In mid-July, Crossroads Paper held a press conference to announce its plans to build a paper mill in the Salt Lake City area that will recycle old corrugated containers (OCC) and residential mixed paper into new paper that will then be used to make boxes for manufacturers, farmers and e-commerce companies.
The $320 million project is expected to create several hundred new direct and indirect jobs in the Salt Lake Valley, with a total economic impact exceeding $1 billion over 10 years, Ron and John Sasine, the brothers behind the project, say.
John Sasine is CEO of Crossroads Paper, while Ron Sasine is the project developer. They launched the project in 2016, forming a special-purpose development company in 2017 that then became Crossroads Paper in 2018.
John Sasine is the owner of Rocky Mountain Recycling LLC, Salt Lake City.

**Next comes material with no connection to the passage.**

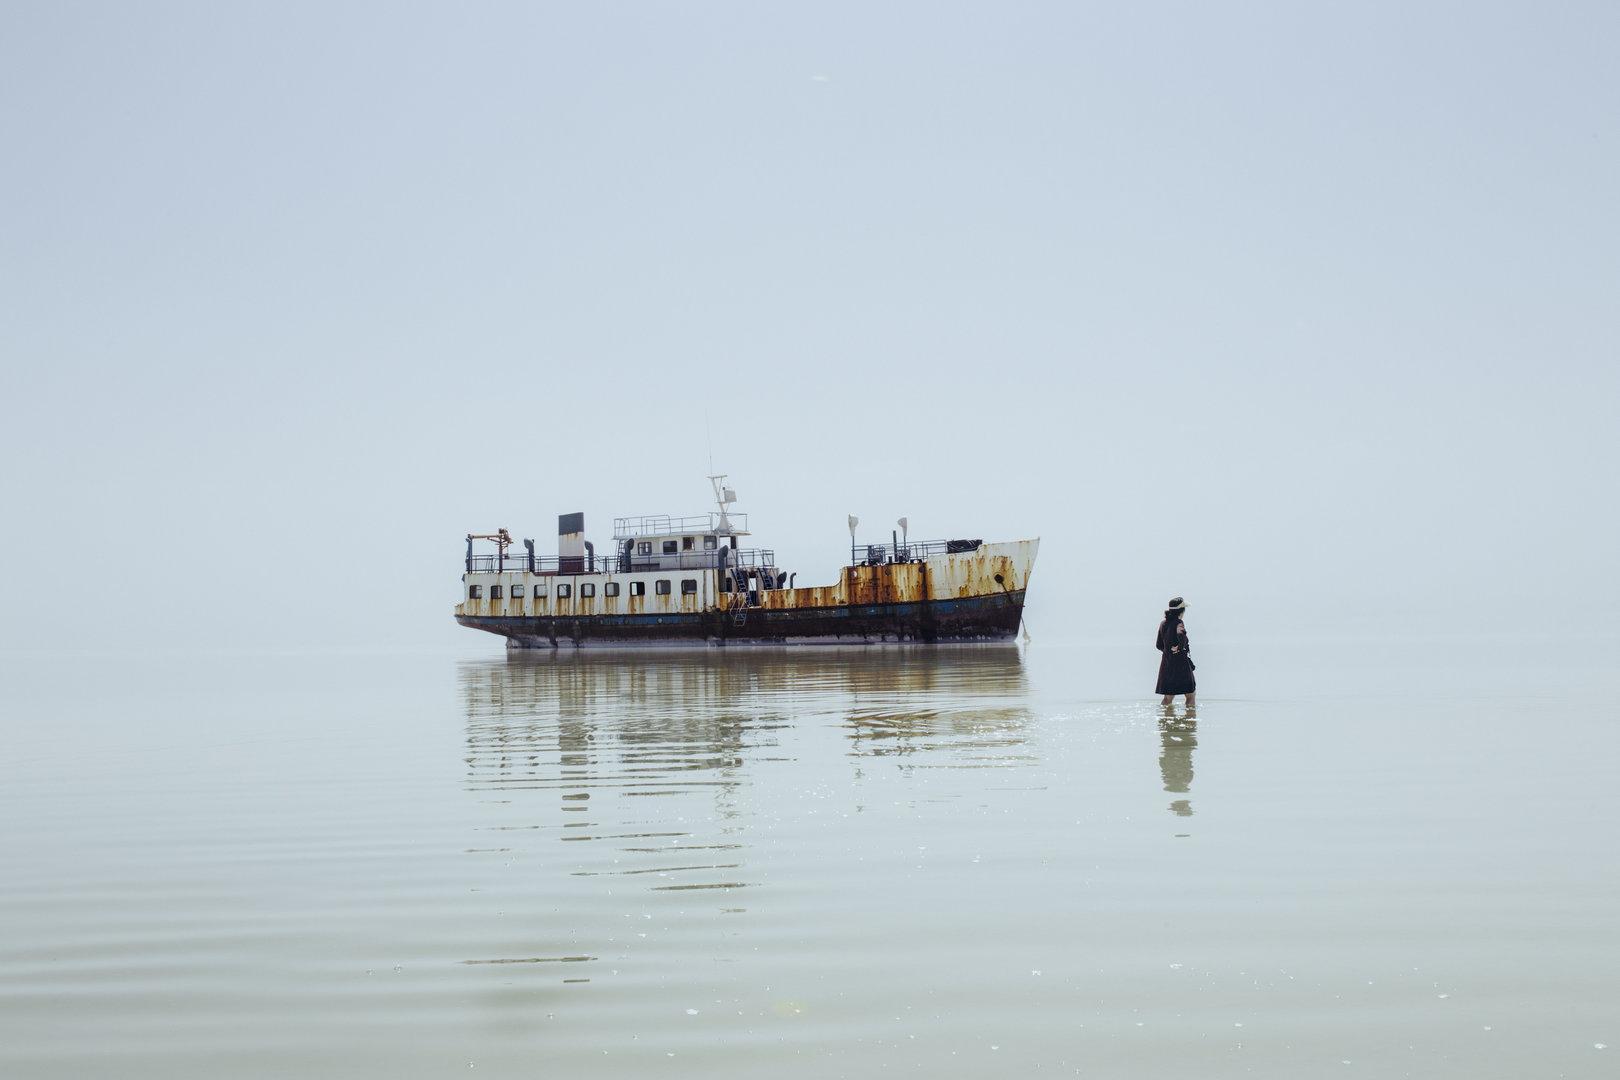 Aufwühlende Ausstellung zum Klimawandel: Auch die Welt zeigt Symptome

Rocky Mountain Recycling operates four material recovery facilities (MRFs) in the region that process recyclables collected from commercial businesses and individuals.
While it’s common for paper mills to vertically integrate into processing recyclables, John Sasine will be the first MRF operator to vertically integrate into paper production.
In addition to his role with Crossroads Paper, Ron Sasine serves as the principal of Hudson Windsor LLC, a Bentonville, Arkansas-based packaging consultancy. His background includes leading packaging design, development and execution for Walmart's private brand businesses.
“We recognized that John’s background in the recycling industry and mine in papermaking were a good start but not everything that we would need,” Ron Sasine says. “We gathered a diverse group of people that could contribute to the growth of this project. It’s a locally developed and locally focused project but with a global background.”
The Sasine brothers’ partners include Yates Construction, a Philadelphia, Mississippi-based construction services provider that has experience in paper mill development; Finnish company Valmet, which provides technology, services and automation for the paper industry; Sweden-based Cellmark, which specializes in international trade and distribution of raw materials related to the global pulp and paper industry; and Credit Suisse, which will asset with financing for the project.
The Sasines say their own investment in Crossroads Paper exceeds seven figures at this point. “We can’t be as far as we are without having spent real money,” John Sasine says.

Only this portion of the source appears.